Read post #34 above.


----------



## kim hansen (Nov 26, 2002)

Thrust said:


> Read post #34 above.



Ups.... Well, You can´t blame me.... I´m from Denmark... 


But what´s an "overlay"...???? Is it a single layer of carbon that has been glued to the roof, and then given some kind of clear coating....??


----------



## Thrust (Jun 8, 2004)

It's like a carbon mold/moulding that fits exactly over the body and is glued on. It looks like carbon, well, it is carbon, but the reason for fitting is mostly cosmetic, as it adds slightly to the car's weight. It complements the real carbon parts to make it look like the whole car is carbon, not just the doors, bonnet/hood, bumper, trunk/boot etc. The 350Z is probably kept in a garage, so the surface that you see in that shot was still in good condition.

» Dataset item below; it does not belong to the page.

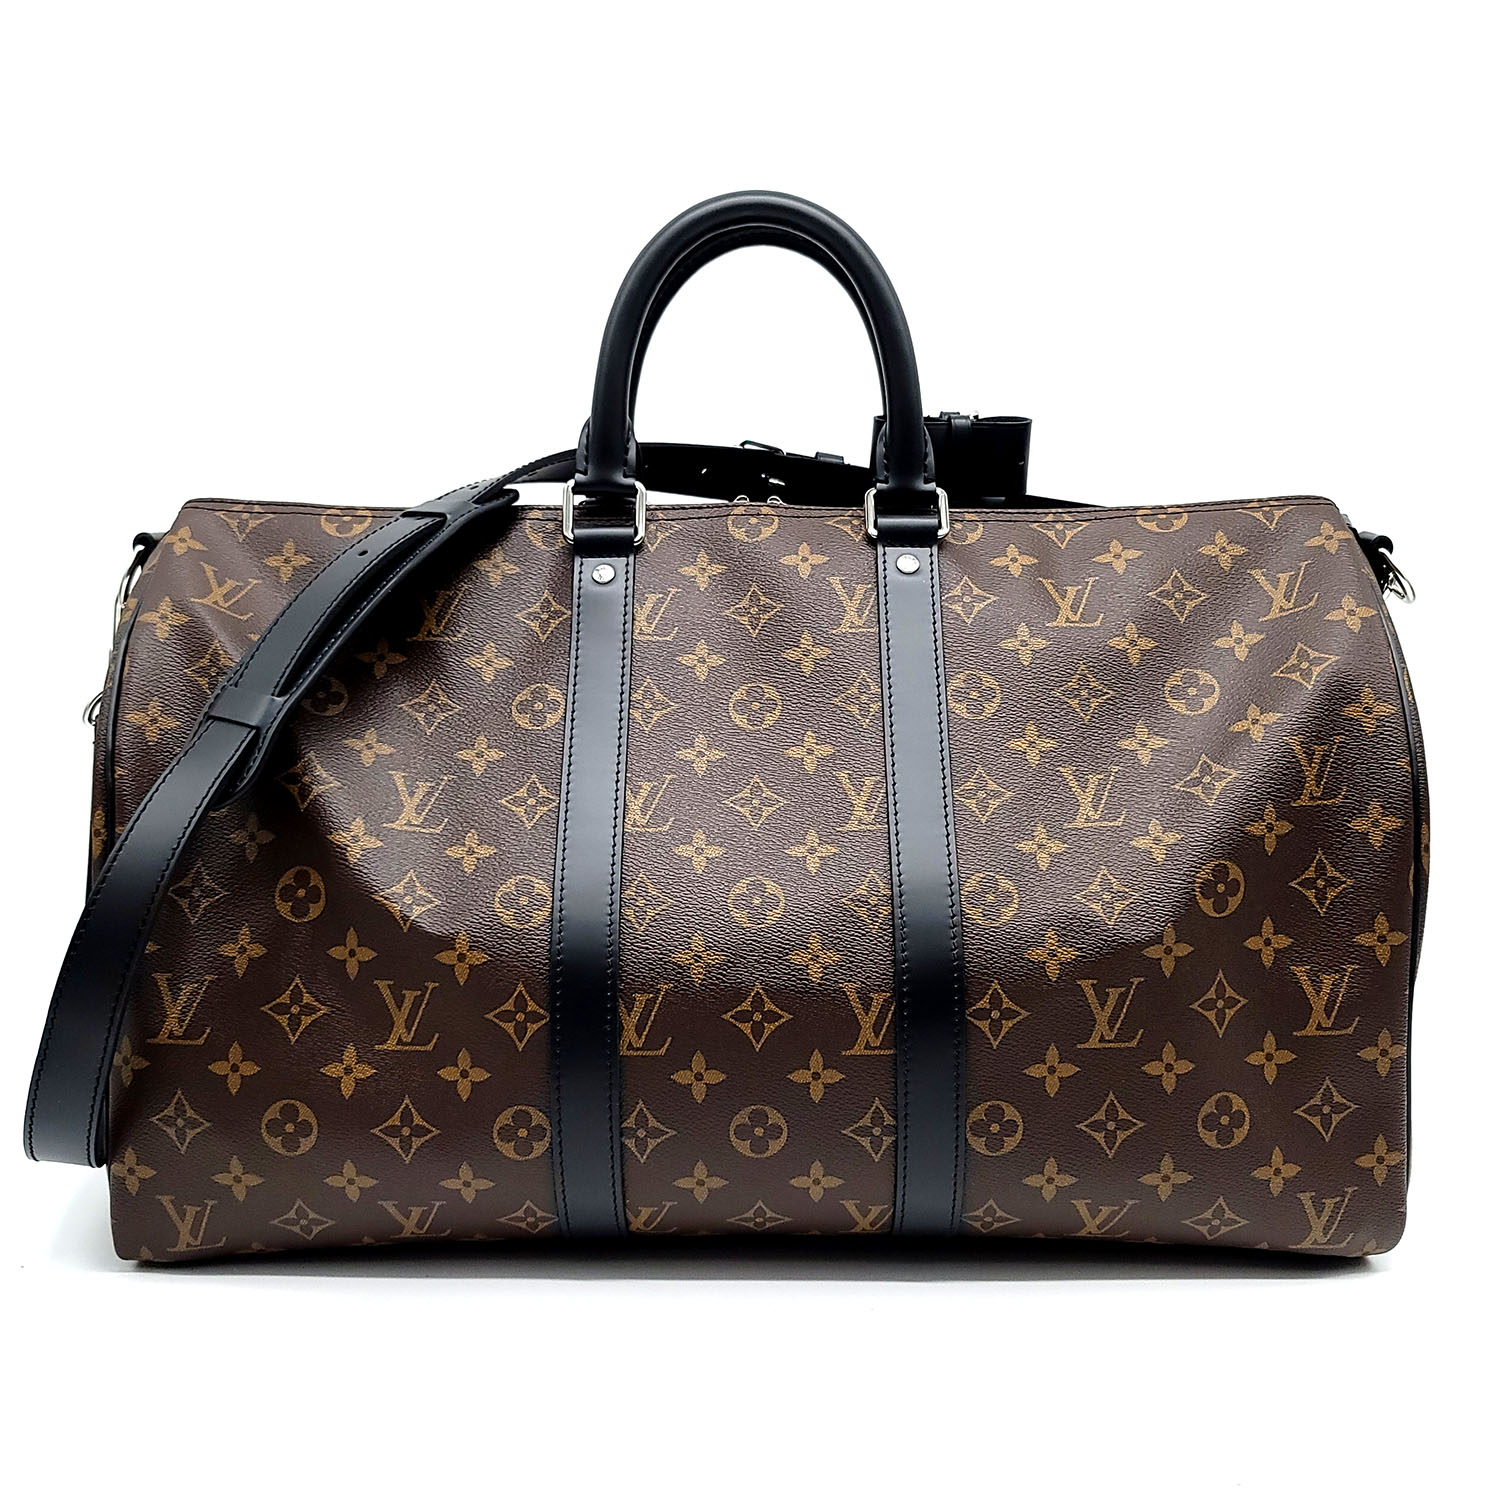 Louis Vuitton Macassar Monogram Keepall 45 Bandoulière Bag

My car had the same stuff on it and was parked outside where the sun clouded and cracked the carbon overlay within a few months, so I had to have all the overlay ripped off.


----------



## kim hansen (Nov 26, 2002)

Ok... Sounds like You needed some kind of repaint after that... ???


----------



## Thrust (Jun 8, 2004)

kim hansen said:


> Ok... Sounds like You needed some kind of repaint after that... ???


It's the capital of Norway, isn't it!  

Yes, as I've posted on another thread, it needs stripping down the the metal and a complete repaint if you want to take the carbon seal off.


----------



## Pharoahe (Mar 11, 2006)

Here is a Beemer, that does it the right way


----------



## kim hansen (Nov 26, 2002)

Thrust said:


> It's the capital of Norway, isn't it!
> 
> Yes, as I've posted on another thread, it needs stripping down the the metal and a complete repaint if you want to take the carbon seal off.


No... It´s a small country...... Well, oh... let´s just say that...:chuckle: 

Like the work on that M3...... Looks good on a white car..

But think about the price for such an operation....!!!


----------



## RBnemesis13B (Dec 26, 2005)

Those TE37's and that Fairlady are gorgeous. Love the TE37's, favourite wheels ever and all these editions just make me want them more.


----------